**Dataset excerpts**:
<<<<

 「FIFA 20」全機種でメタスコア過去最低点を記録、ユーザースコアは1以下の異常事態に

>>>>
<<<<

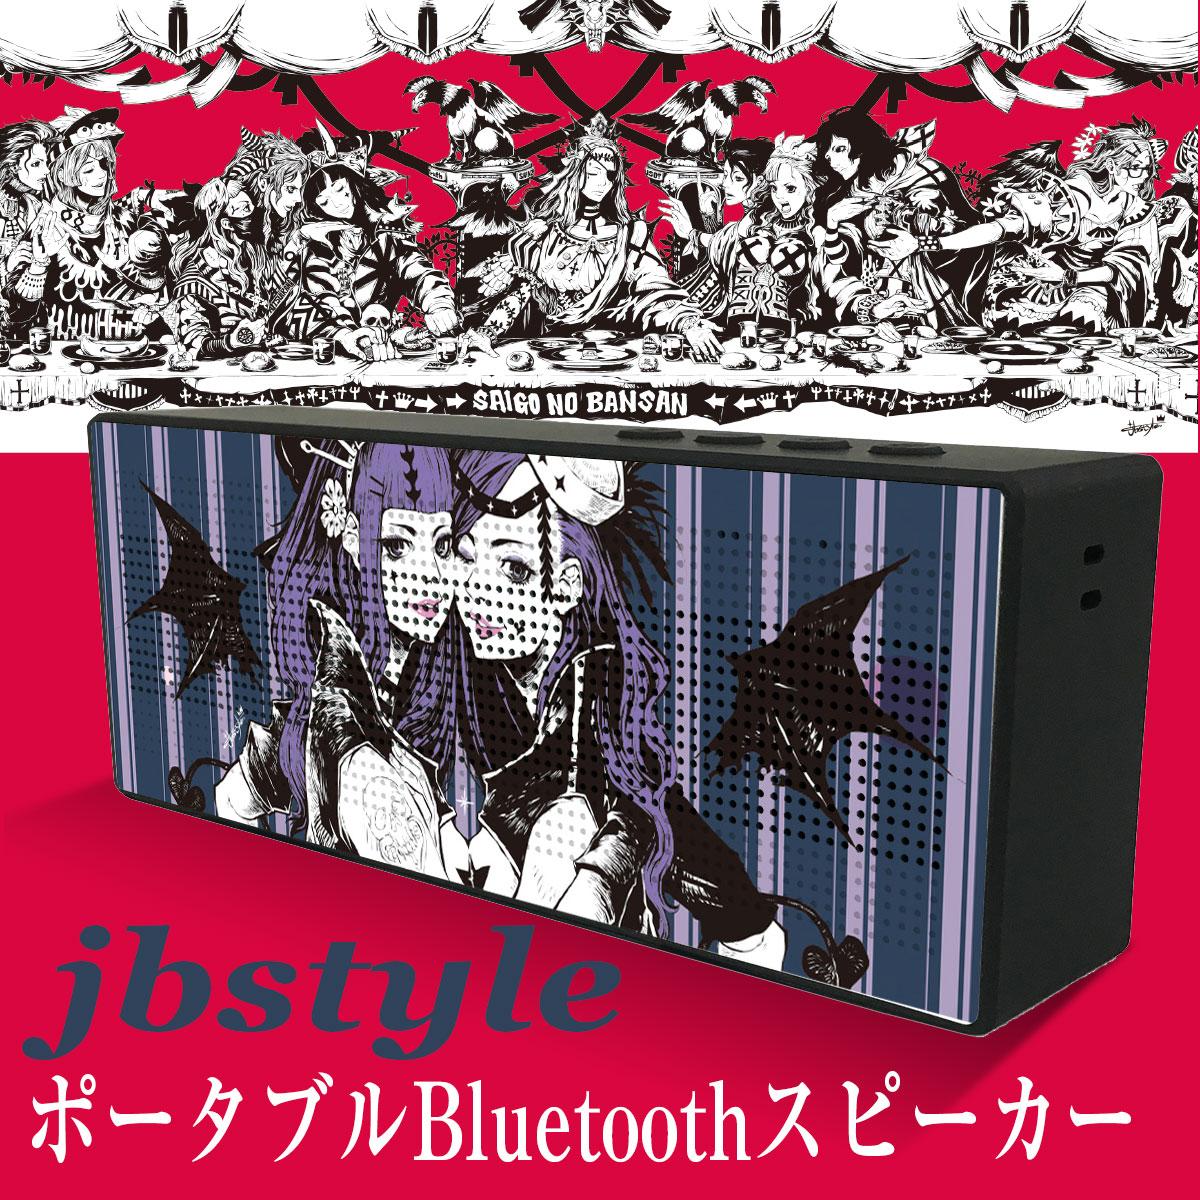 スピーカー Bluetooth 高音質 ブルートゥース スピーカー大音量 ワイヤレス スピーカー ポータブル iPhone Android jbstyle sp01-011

>>>>
<<<<

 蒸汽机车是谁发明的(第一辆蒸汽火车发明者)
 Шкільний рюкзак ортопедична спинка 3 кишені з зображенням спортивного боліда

>>>>

**About this task**:
Output the lines of the records above exactly as they appear, from the line containing "蒸汽机车是谁发明的(第一辆蒸汽火车发明者)" through the line containing "Шкільний рюкзак ортопедична".

**Worked solution**:
 蒸汽机车是谁发明的(第一辆蒸汽火车发明者)
 Шкільний рюкзак ортопедична спинка 3 кишені з зображенням спортивного боліда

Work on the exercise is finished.